# Jamis Satellite vs. Bianchi Imola



## krislupi66 (May 31, 2009)

I'm looking to get off the single speed and start doing some distance. I'm pretty new to all of this and have been looking at the Jamis satellite and the Bianchi Imola. 
Feed back please?


----------



## PJ352 (Dec 5, 2007)

krislupi66 said:


> I'm looking to get off the single speed and start doing some distance. I'm pretty new to all of this and have been looking at the Jamis satellite and the Bianchi Imola.
> Feed back please?


In their respective price ranges, they're both very nice bikes. But the Jamis at $950 MSRP is at a slight disadvantage over the Bianchi at $1,300. The Brava is actually closer to the Satellite in price, thus a fairer comparison.

That said, given these choices I'd go with the Imola, but (like we always say here) _only if it fits_. So I'd suggest visiting the LBS's that carry both, get set up/ fitted on them and head out for test rides. If possible, spend some time on roads that resemble where you'll be riding and spend some time putting both through their paces. It's the best way to determine which fits, rides and handles the way you like.


----------



## krislupi66 (May 31, 2009)

I went to the LBS today to test them out. I'm still getting used to gears and stuff so riding either one is some getting used too. The first bike that I looked at was the Jamis Imola but it was a little bit more than what I wanted to budget. 
Maybe it isn't the fairest in comparison because the satellite is entry while the Imola is a step up. I figured that with Bianchi you are also paying for the name . I was curious about the components if they are pretty equal in quality. I've been trying to compare but really don't know specifically what to look for. I


----------



## PJ352 (Dec 5, 2007)

krislupi66 said:


> I went to the LBS today to test them out. I'm still getting used to gears and stuff so riding either one is some getting used too. The first bike that I looked at was the Jamis Imola but it was a little bit more than what I wanted to budget.
> Maybe it isn't the fairest in comparison because the satellite is entry while the Imola is a step up. I figured that with Bianchi you are also paying for the name . *I was curious about the components if they are pretty equal in quality. I've been trying to compare but really don't know specifically what to look for.*


Generally speaking, the components are fairly evenly matched, but the one advantage the Imola has is that it's equipped with Tiagra shifters. During your test rides, you may have noticed that the Sora shifters on the Jamis utilize a thumb shifter to shift to a smaller cog in back and the inner ring in front. Ergonomically it's an ok setup IF you like to keep your hands on the hoods, but if you ever move to the drops, it's a pain to shift. 
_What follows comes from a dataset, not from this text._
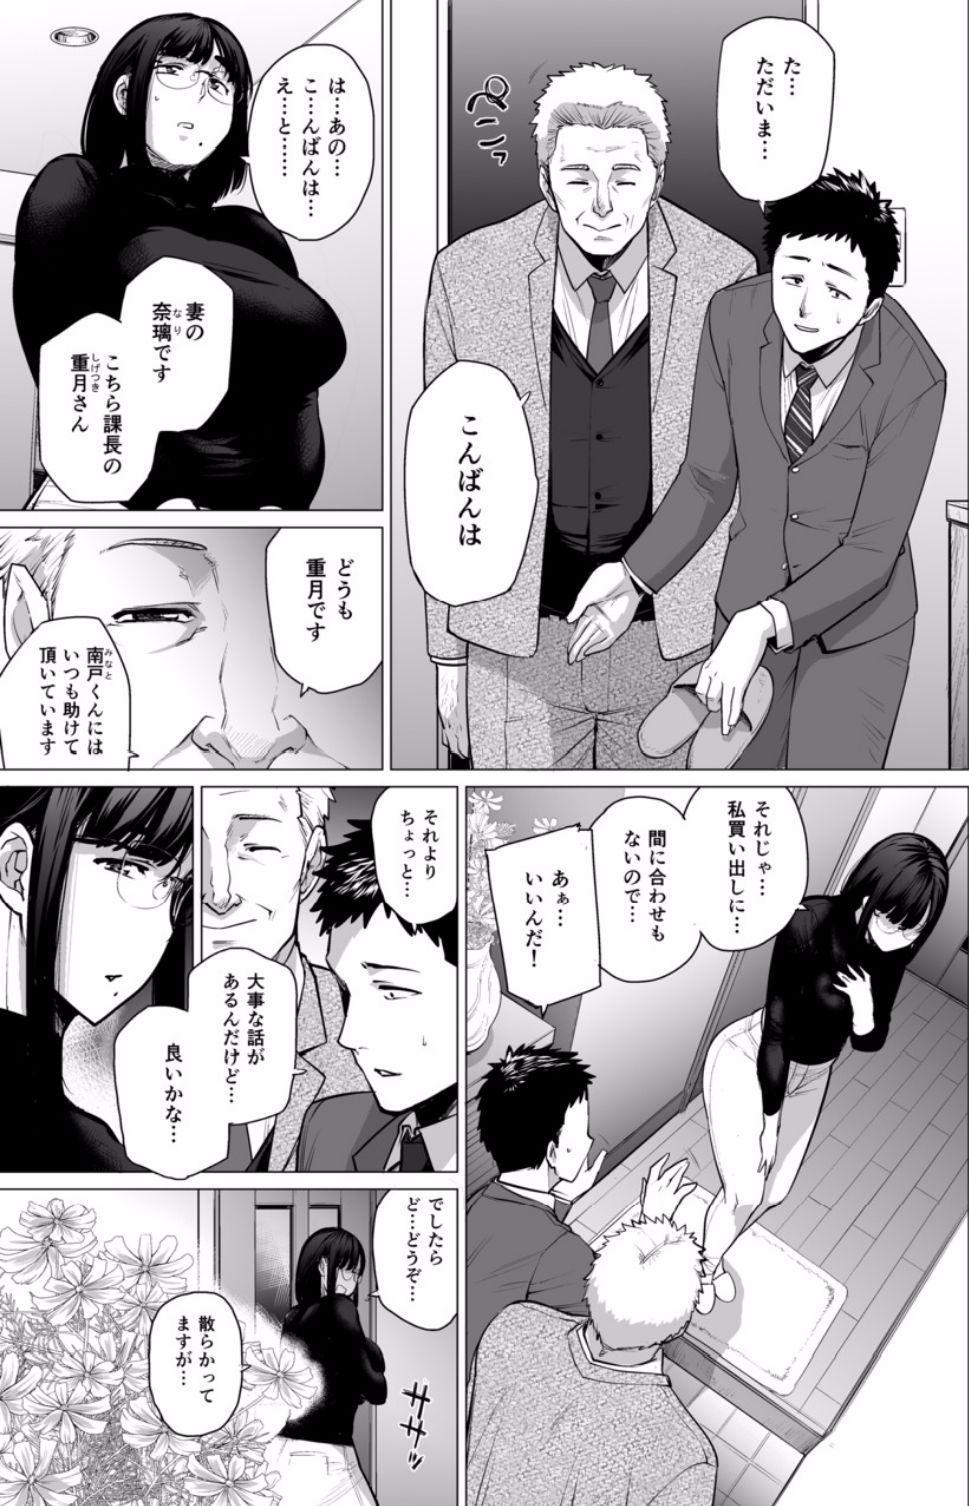 [Etuzan Jakusui] Somerare - Mizu Yari 1-3 4

Conversely, the Tiagra's are similar in operation to Shimano's higher level groups in that they use an inner/ outer lever to up/ downshift. It can easily be accomplished from the hoods or drops. This (IMO) is a difference in componentry when comparing a $950 bike to a $1,300 bike, thus my earlier comment about an unfair comparison between the Satellite and Imola.

EDIT: Interesting, the Imola uses Reynolds 631 tubing and has a CF fork with alu steerer, while the Satellite uses Reynolds 520 tubing and has a full CF fork. Bottom line IMO is that the quality of the framesets is _very_ close. Geometry would probably have more of an effect on the ride.


----------



## krislupi66 (May 31, 2009)

Thanks for bringing up the thumb shifters. When I did my test ride I didn't use the drops (I'm used to bullhorns) so I didn't even think about that. By the end of the summer I would like to accomplish 50 mile rides and I think that is when I'll be using drops more.
I guess I'll be hitting up the bike shop again in morning and going out for a few more spins.


----------



## PJ352 (Dec 5, 2007)

krislupi66 said:


> Thanks for bringing up the thumb shifters. When I did my test ride I didn't use the drops (I'm used to bullhorns) so I didn't even think about that. By the end of the summer I would like to accomplish 50 mile rides and I think that is when I'll be using drops more.
> I guess I'll be hitting up the bike shop again in morning and going out for a few more spins.


Sounds like a good plan. BTW, IMO the shifters are going to be more important to you day to day than any of the frameset differences. I just made mention of the tubing because I noticed it.


----------